Vi ere en Nation, vi med (English: We too are a nation, lit. "We are a nation, we with") is a poem written by Norwegian poet Henrik Wergeland, first published in 1841. Adapted as the lyrics of the Patriotic song "Smaagutternes Nationalsang", (English: The Little Boys' National Anthem), the text expresses a desire that Norwegian Constitution Day also should be a day for the children.
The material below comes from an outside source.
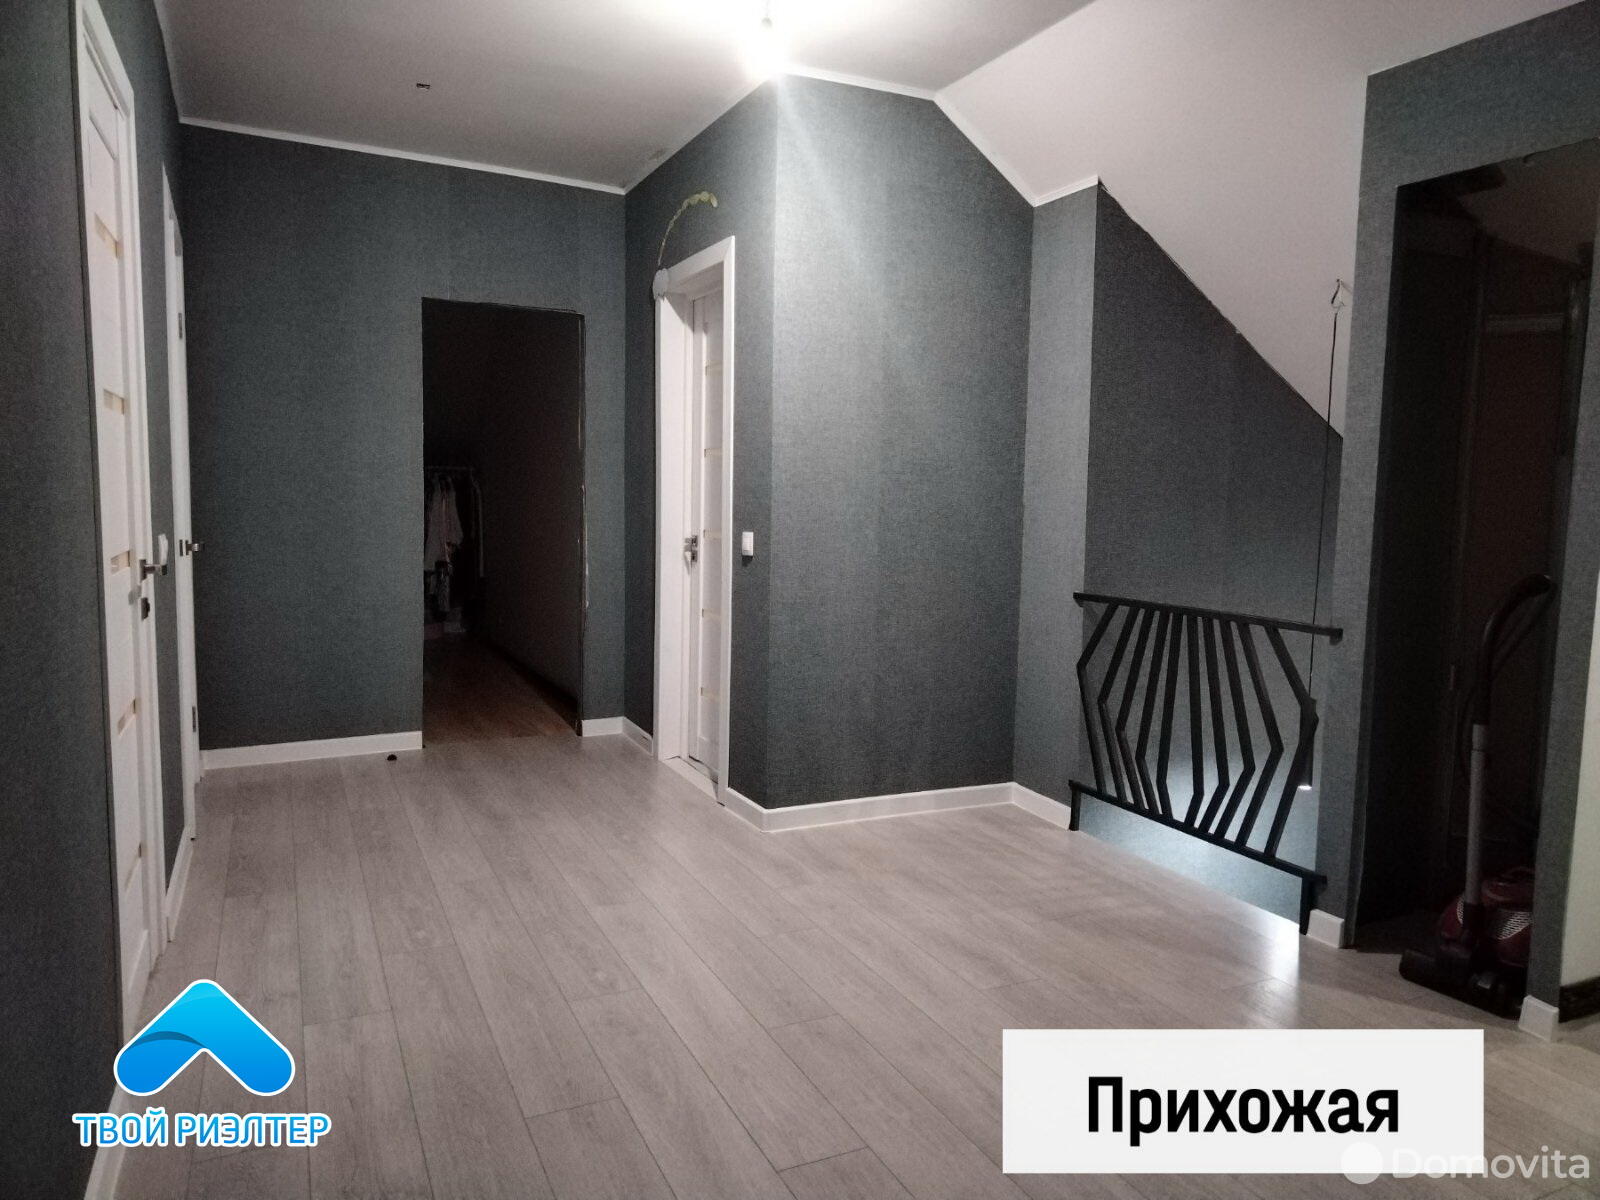 Продажа 2-этажного дома в Наровчизне, Гомельская область ул. Коростеньская, 96900USD, код 630058 - фото 6
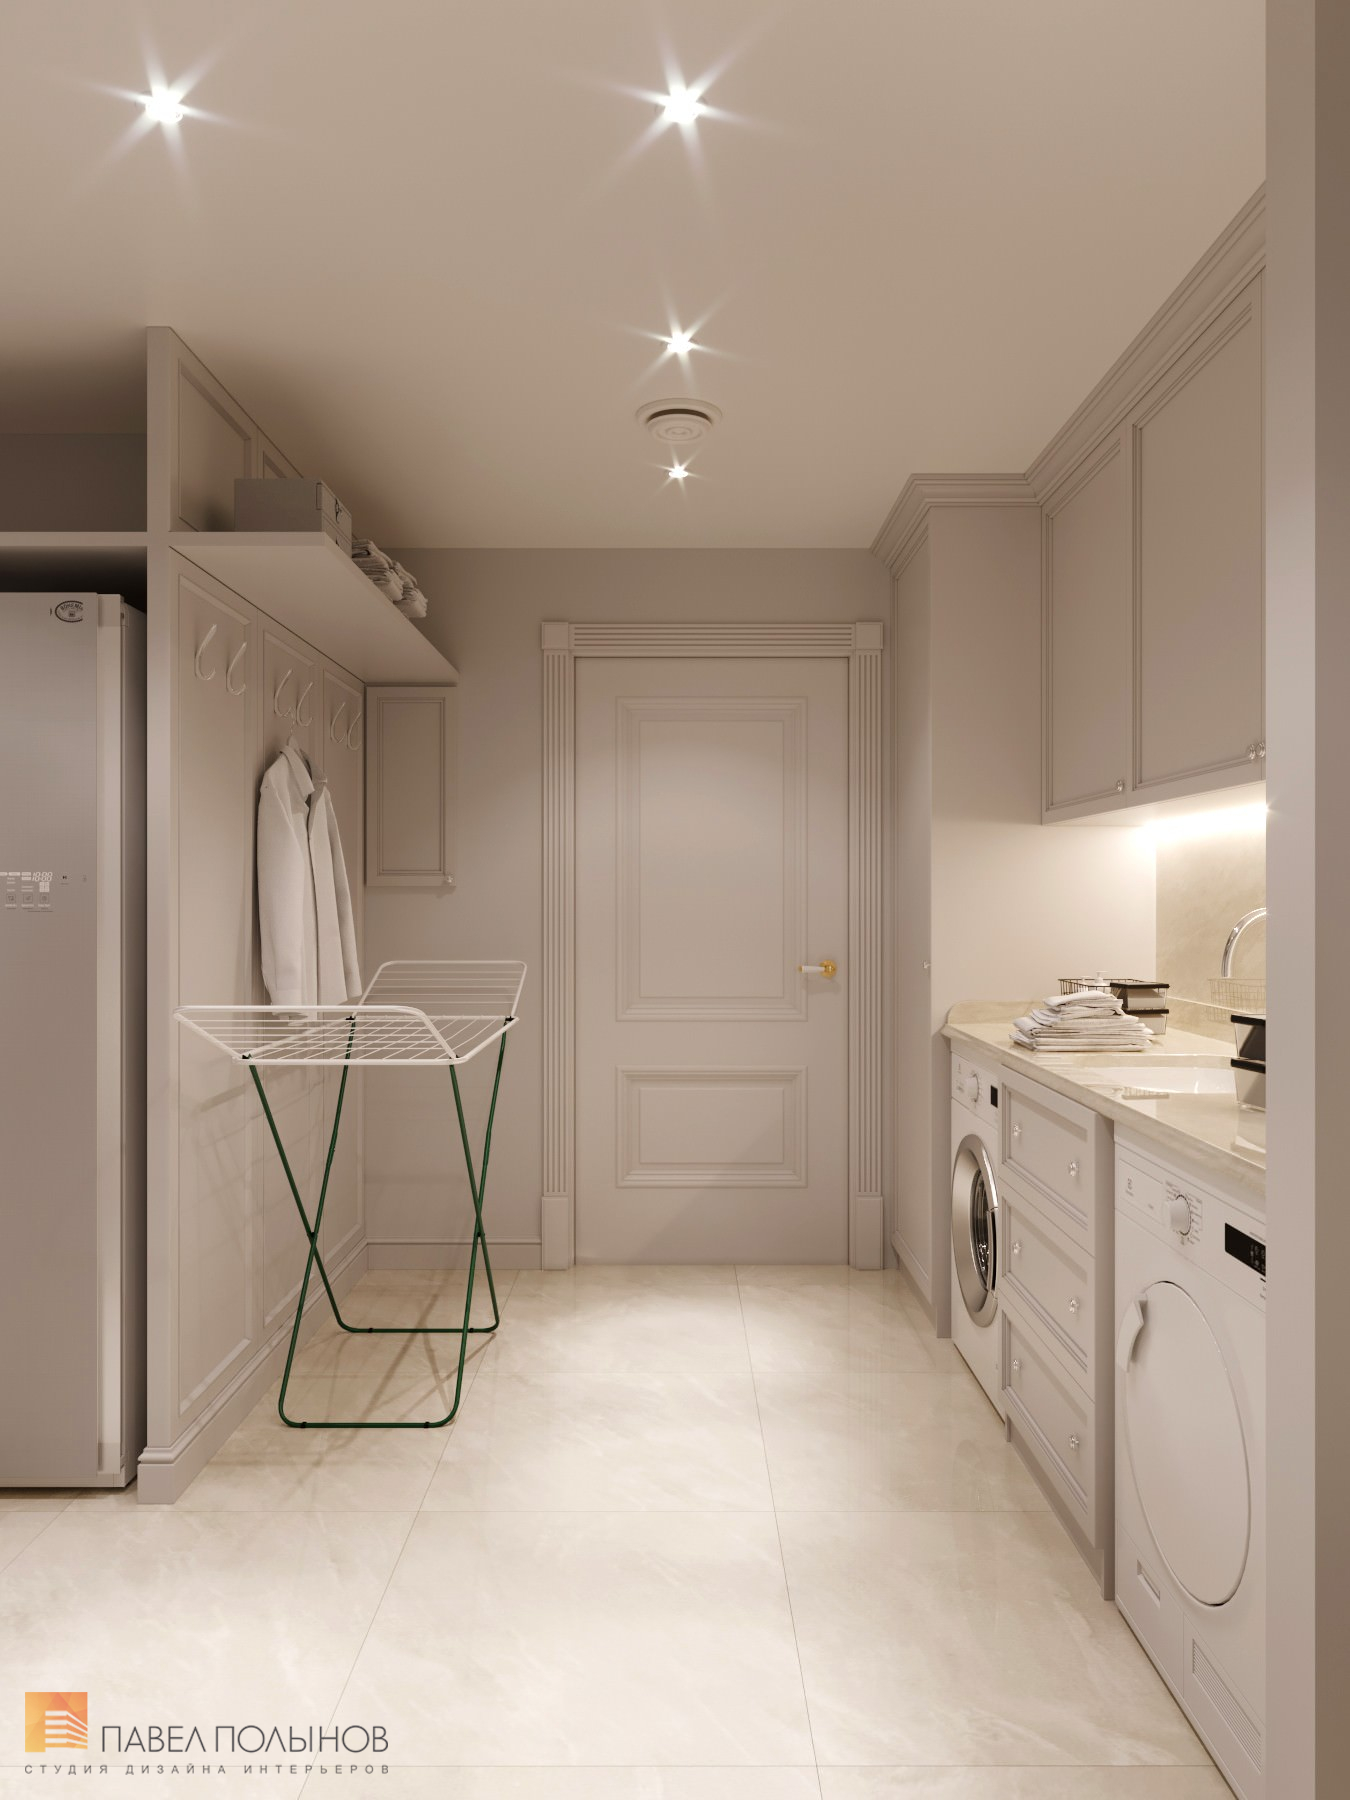 Фото дизайн хозяйственной комнаты из проекта «Дизайн квартиры в стиле современной классики, ЖК «Riverside», 180 кв.м.»

The most commonly used melody for the song might have been written by French Classical-period composer, André Grétry, but this has not been confirmed.

==Other sources==
- Flom, George T. Scandinavian Studies and Notes (General Books LLC. 2012)) ISBN 978-1154257687
- Grøndahl, Illit Henrik Wergeland, the Norwegian poet (BiblioBazaar, 2009) ISBN 978-1115014830

==Other Reading==
(In Norwegian)
- Koht, Halvdan Henrik Wergeland (BiblioBazaar. 2009) ISBN 978-1117397245
- Seip, Karl En liten visebok for hjemmet (Oslo: Aschehoug. 1929)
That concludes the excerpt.